Work instructions ::
An exact copy of the data is required; the images should not appear in it.

Data shown ::
══════════
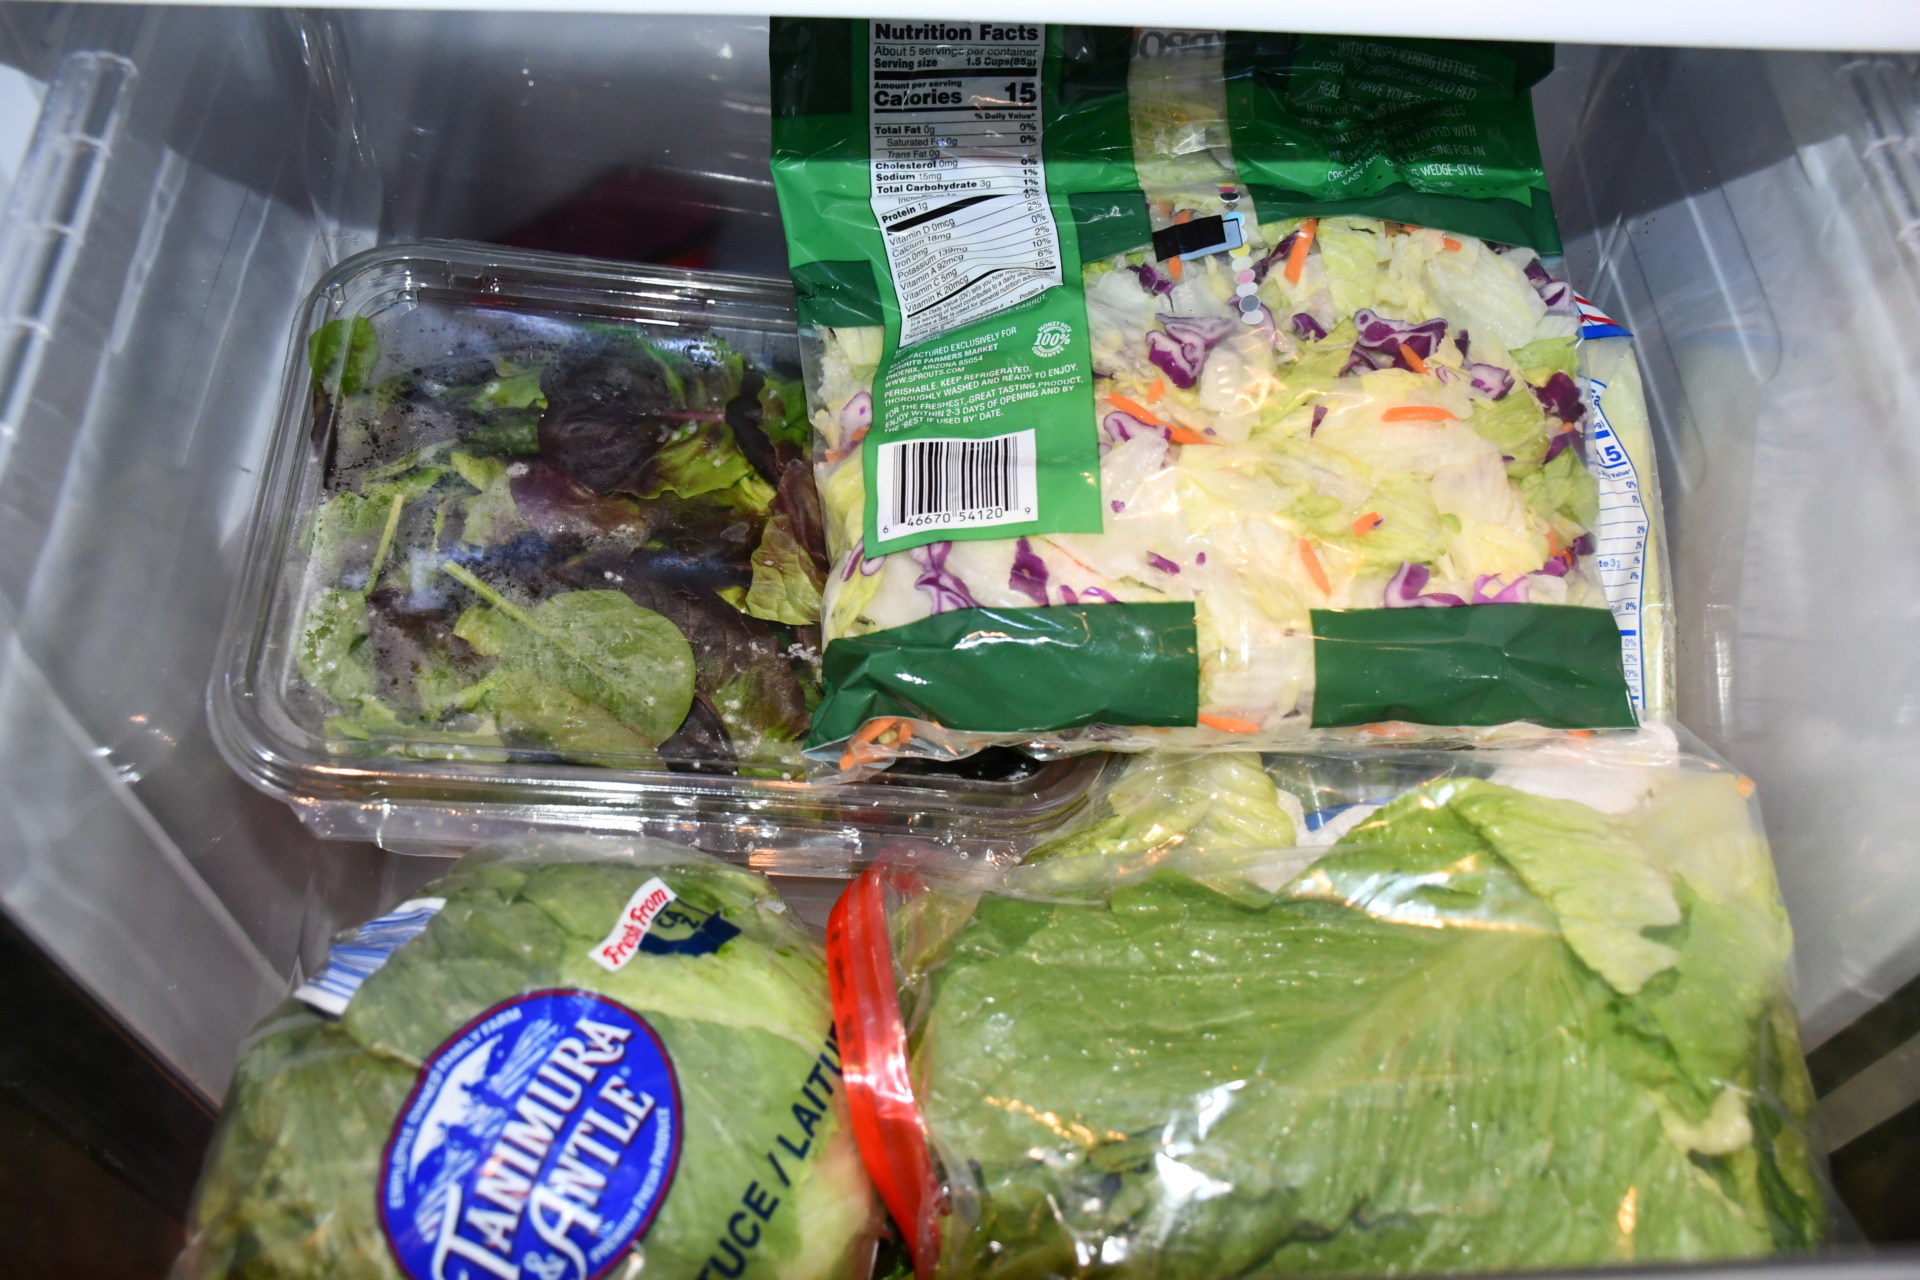 Keeping Salad Greens Fresh
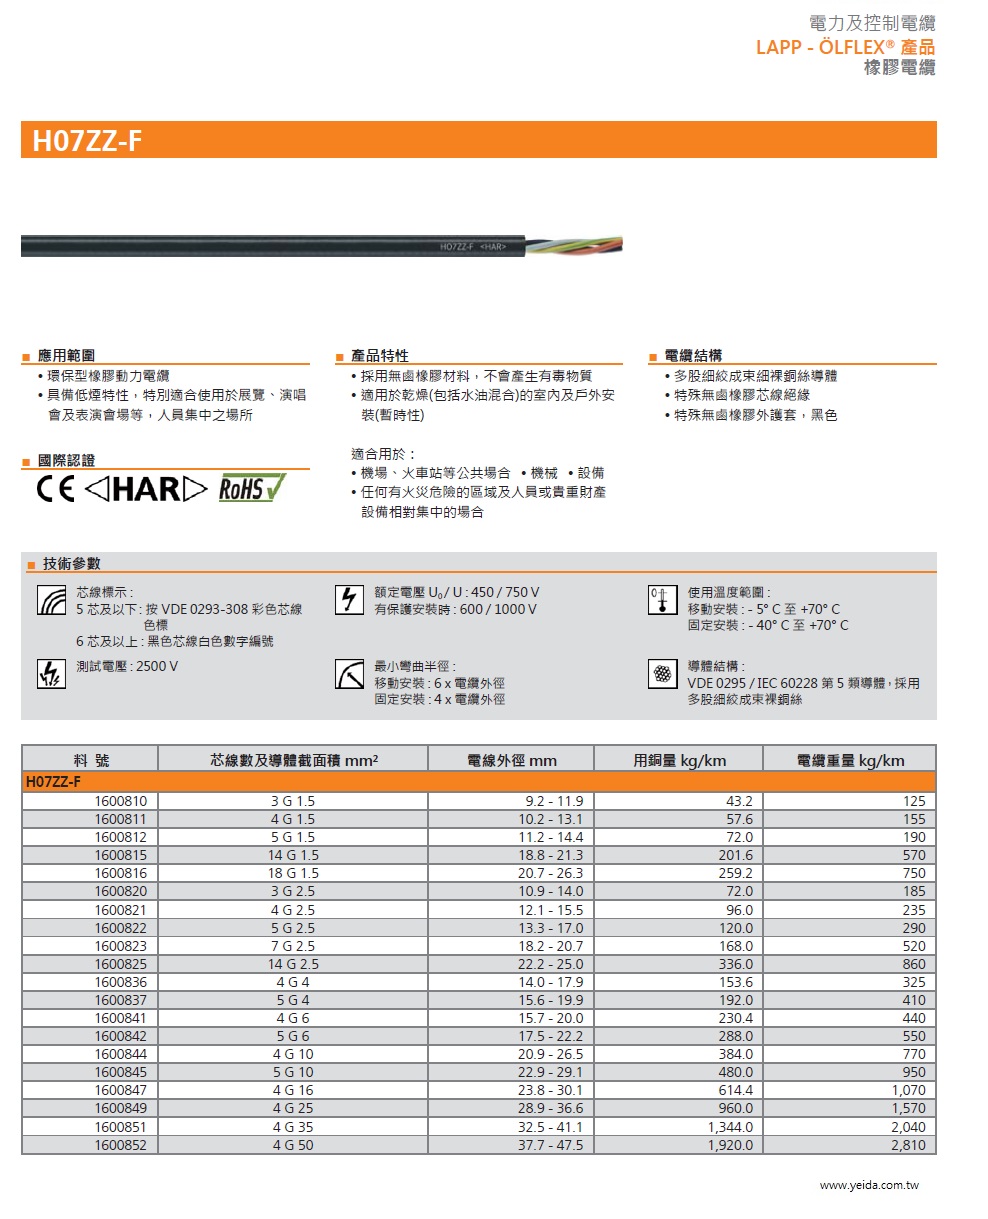 H07ZZ-F 450 / 750 V , - 40° C 至 +70° C 電力及控制環保型橡膠電纜產品圖
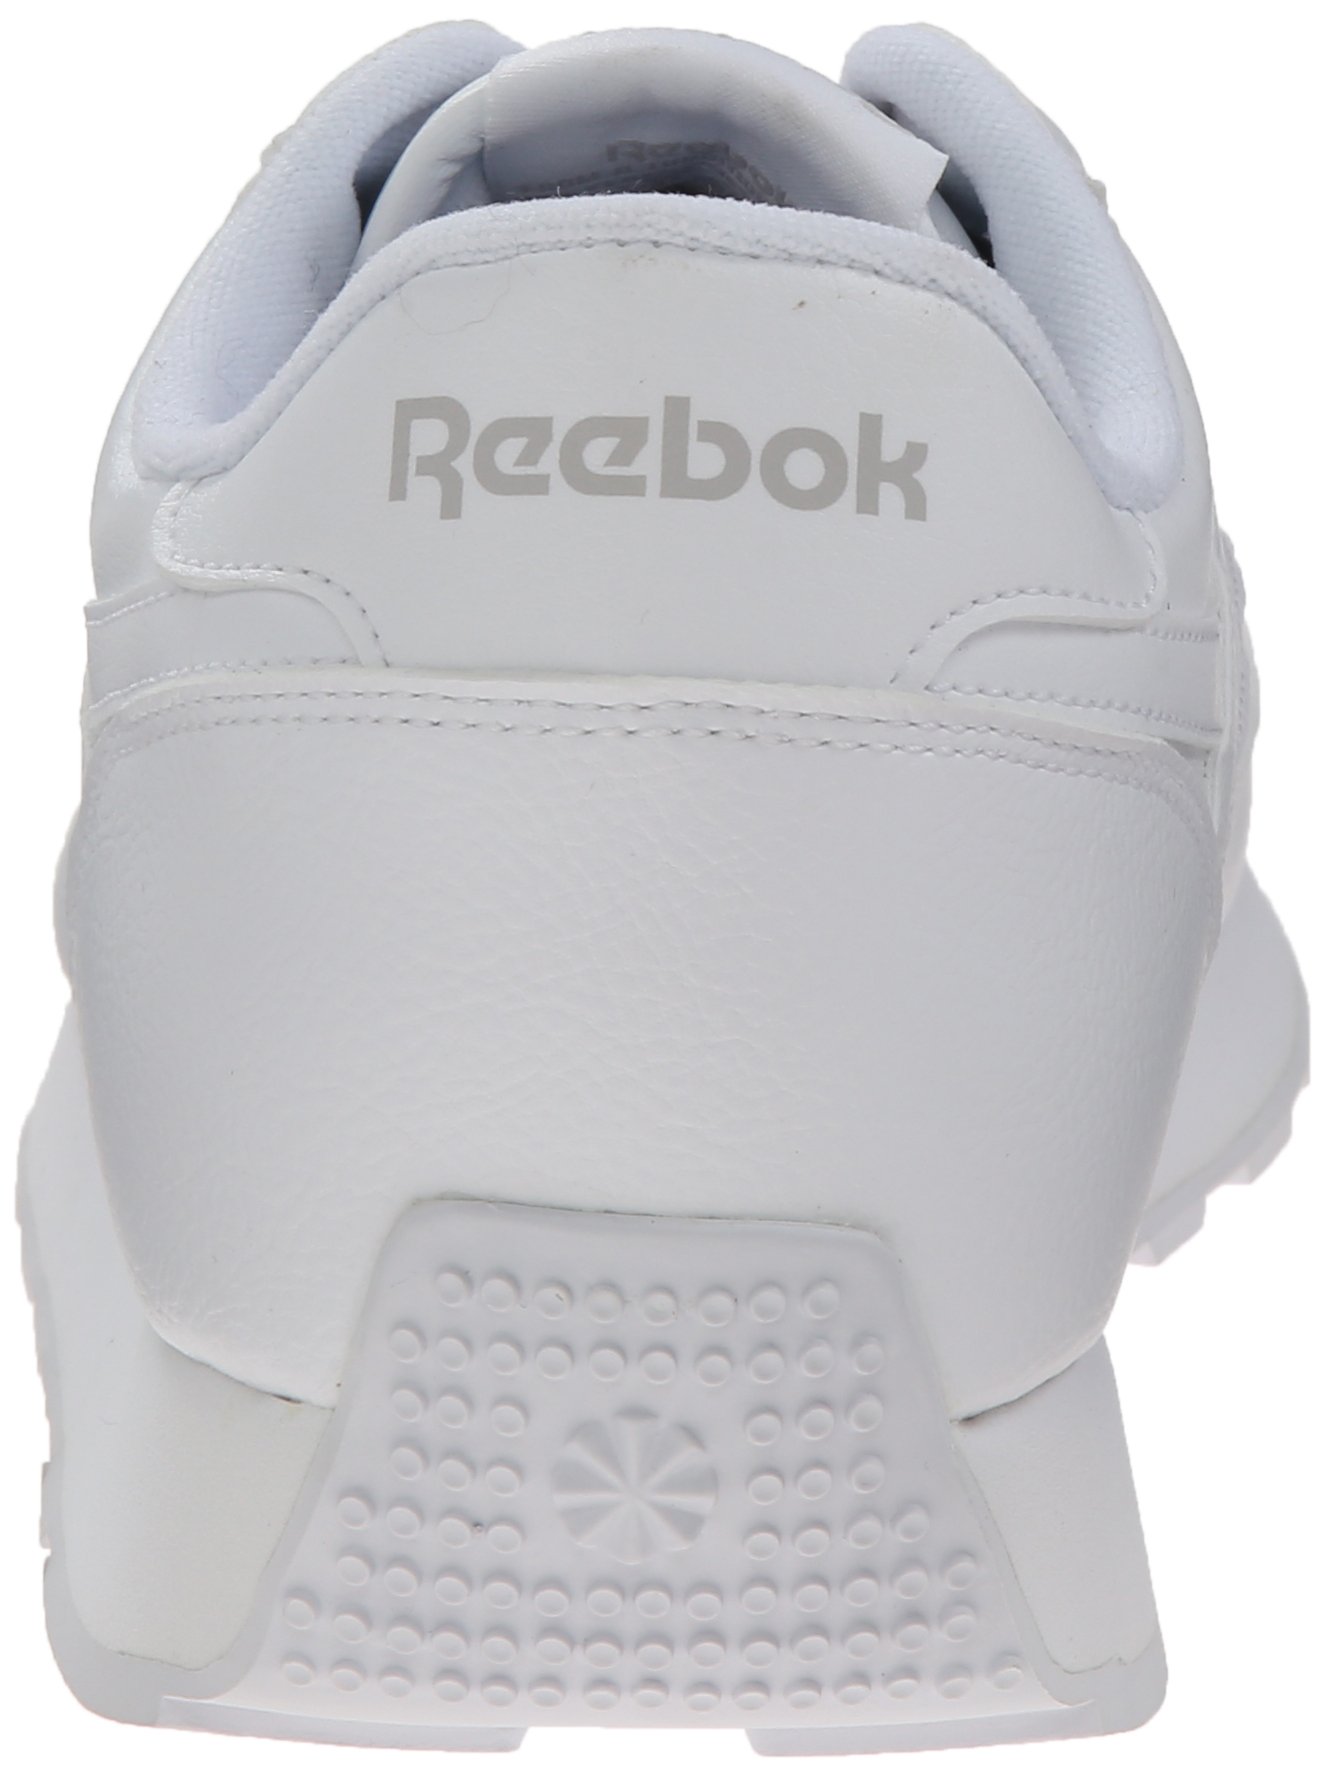 Reebok Men's Classic Renaissance Sneaker
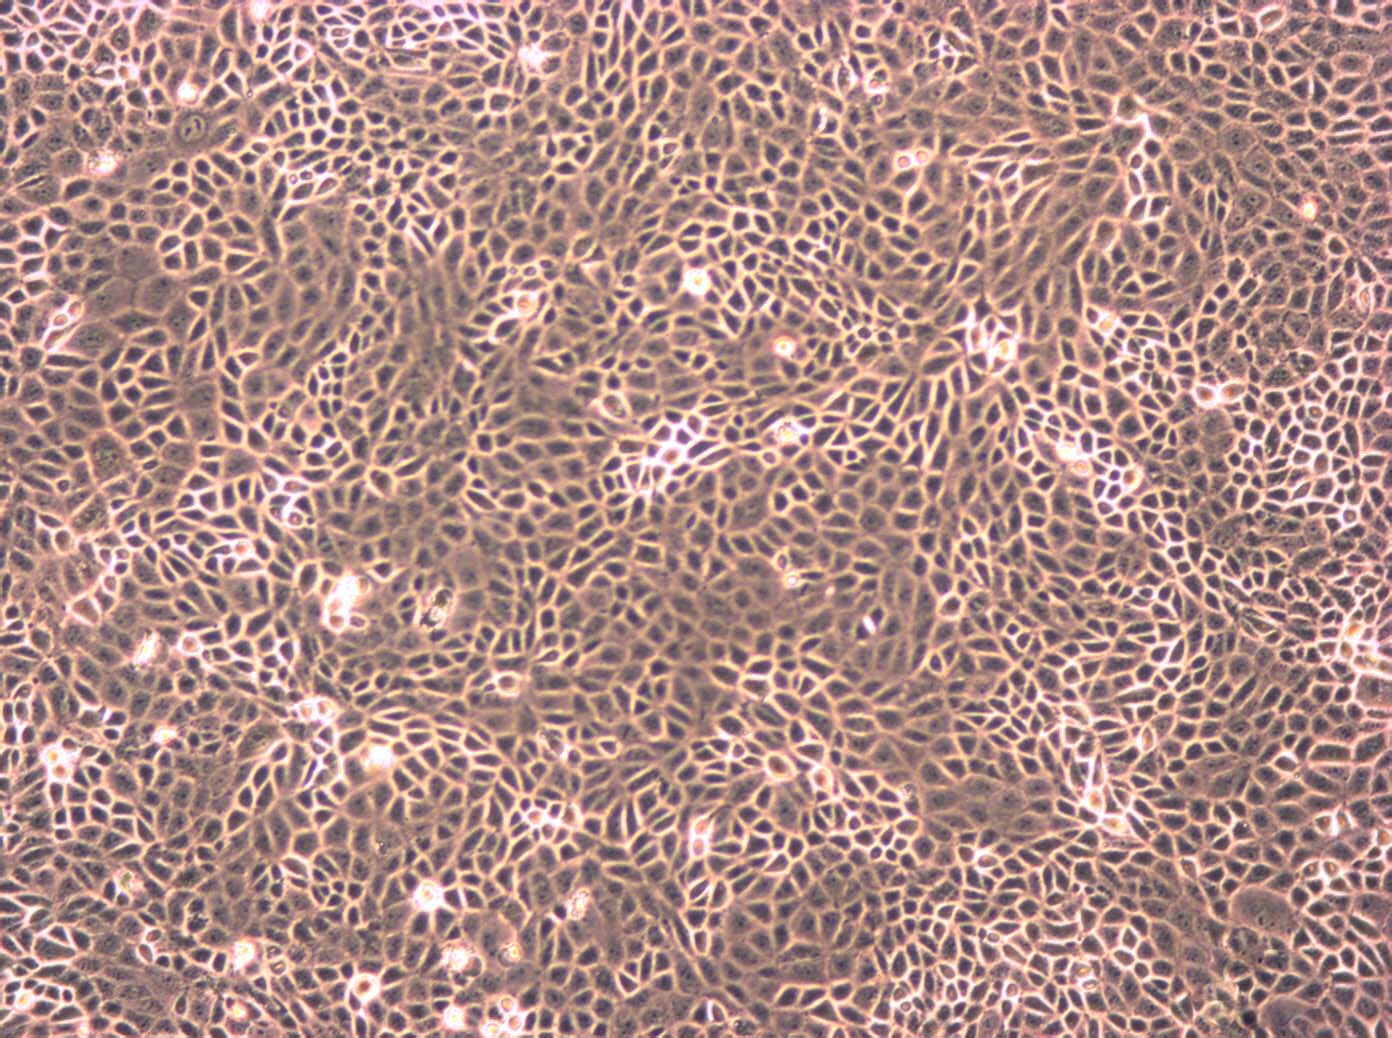 HMEC-1 Cells|人微血管内皮需消化细胞系
══════════
Result of this task ::
 Keeping Salad Greens Fresh
 H07ZZ-F 450 / 750 V , - 40° C 至 +70° C 電力及控制環保型橡膠電纜產品圖
 Reebok Men's Classic Renaissance Sneaker
 HMEC-1 Cells|人微血管内皮需消化细胞系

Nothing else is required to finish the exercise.